Cette mesure « ne coûte rien, car aujourd’hui ça ne marche pas », a-il ajouté, « parce qu’on l’a vu en sortie de crise, nos compatriotes utilisent de moins en moins de liquide ».

Aujourd’hui les pourboires, même versés en liquide, doivent en principe être déclarés au fisc, a confirmé Bercy, mais ce n’est que très rarement le cas en pratique. « Je pense que dans 99,9% des cas, ce n’est pas le cas et c’est normal », a estimé sur LCI le président du Medef, Geoffroy Roux de Bézieux.

Il observe qu’avec le recul du « cash », les clients laissent de moins en moins de pourboire – même si en pratique, rien n’empêche de rajouter aujourd’hui un montant à l’addition payée par carte, que le professionnel reversera ensuite en espèces, à ses salariés, en faisant sa caisse.

Des applications de paiement comme myPOS ou Sunday permettent aussi de laisser un pourboire en réglant par carte. Le client opte pour un « pourcentage de sa note ou un montant personnalisé » précise à l’AFP le directeur France de myPOS Florian Malvicino.

Le gouvernement espère que cette défiscalisation -de sommes qui jusqu’ici échappaient de toute façon au fisc – va « permettre d’attirer plus de jeunes et de moins jeunes pour leur dire: tu peux gagner plus que le salaire et le bonus que je te verse », a affirmé le chef de l’État, qui déplore régulièrement les emplois non pourvus dans ce secteur, un casse-tête pour les restaurateurs.

Alors que l’emploi fait partie, avec la lutte contre le Covid et un vaste plan d’investissements, des chantiers prioritaires annoncés par l’exécutif le 10 septembre, à sept mois de la présidentielle, le patronat de l’hôtellerie-restauration qui peine à recruter -comme le bâtiment ou d’autres secteurs-, voit ainsi exaucée l’une de ses demandes et s’en est promptement félicité.

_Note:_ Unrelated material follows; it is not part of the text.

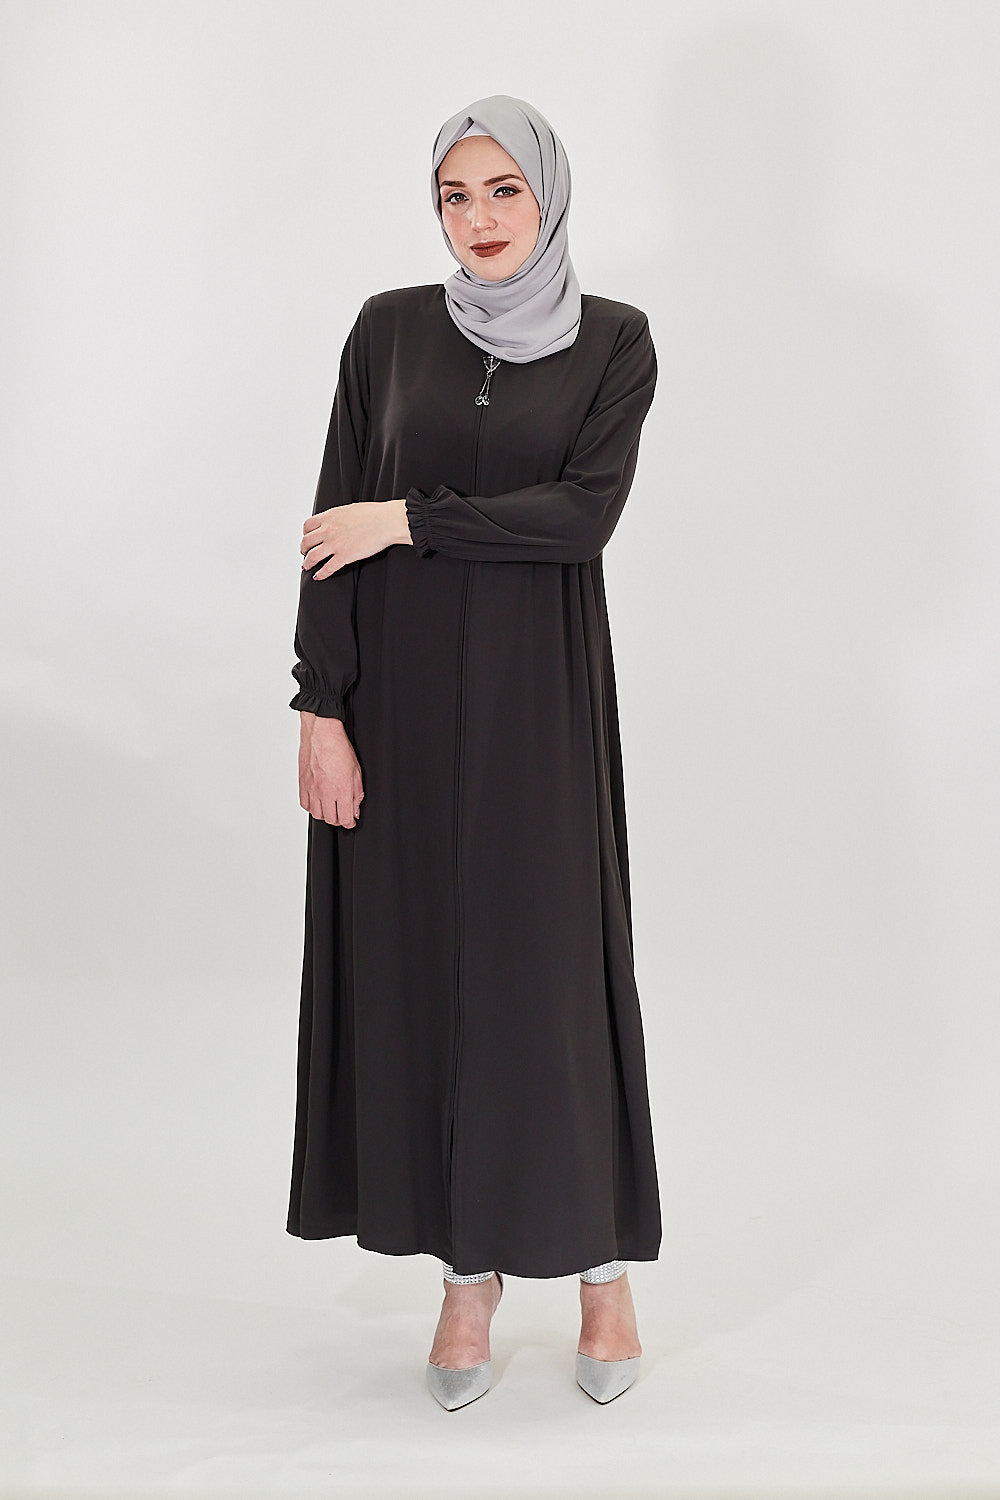 Muslim Clothing -  Canada

« C’est quelque chose que nous demandions depuis plusieurs années, beaucoup de pays le font. Cela va inciter les jeunes à venir dans nos métiers, tirer le service vers le haut, et inciter les clients à reconnaître la qualité du service », a déclaré Roland Héguy, président de l’Umih, principale organisation patronale de l’hôtellerie restauration.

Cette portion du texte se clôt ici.